If there ever was a living creature on Mars, ChemCam, CheMin and SAM will have the best chance yet of finding its chemical signature, according to the scientific team.

"This is the most capable payload we've ever sent anywhere," said mission manager Mike Watkins.
But landing it on another planet is terrifying, said Steltzner, whose team also programmed the landings of Spirit and Opportunity. The proposed sky crane is fraught with opportunities to damage or destroy the rover, Steltzner said.

Getting the landing right isn't the only problem facing the JPL team. There's some concern about getting the mission ready in time for the planned launch, scheduled between Sept. 15 and Oct. 8, 2009. If the launch team misses that, it will be two years before the planets align for another attempt.

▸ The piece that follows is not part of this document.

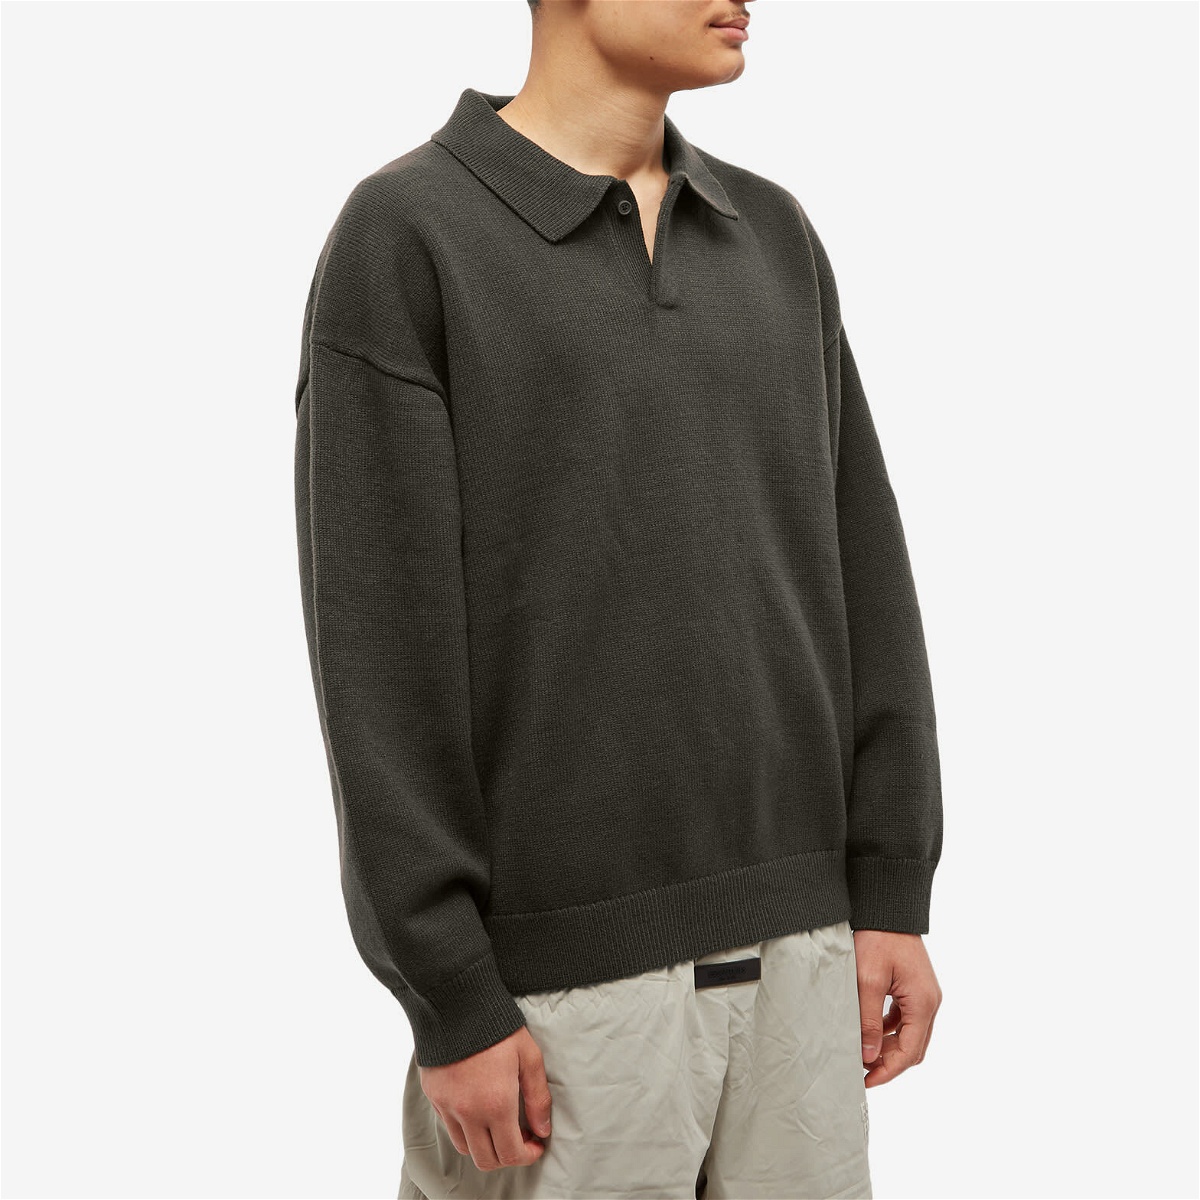 Fear of God ESSENTIALS Men's Knitted Polo Shirt in Off-Black Fear

Cost is another worry. At $1.8 billion, MSL's mission cost amounts to about 10 per cent of the agency's annual budget.

All that money has brought high expectations - and plenty of anxiety from Washington. Last fall, NASA ordered JPL to remove some of the rover's instrumentation to save money. The heat shield also had to be redesigned, running up costs some more.

However, NASA remains committed to the project. "We had to compromise on some things," said mission manager Mike Watkins. "But we still have a fantastic mission."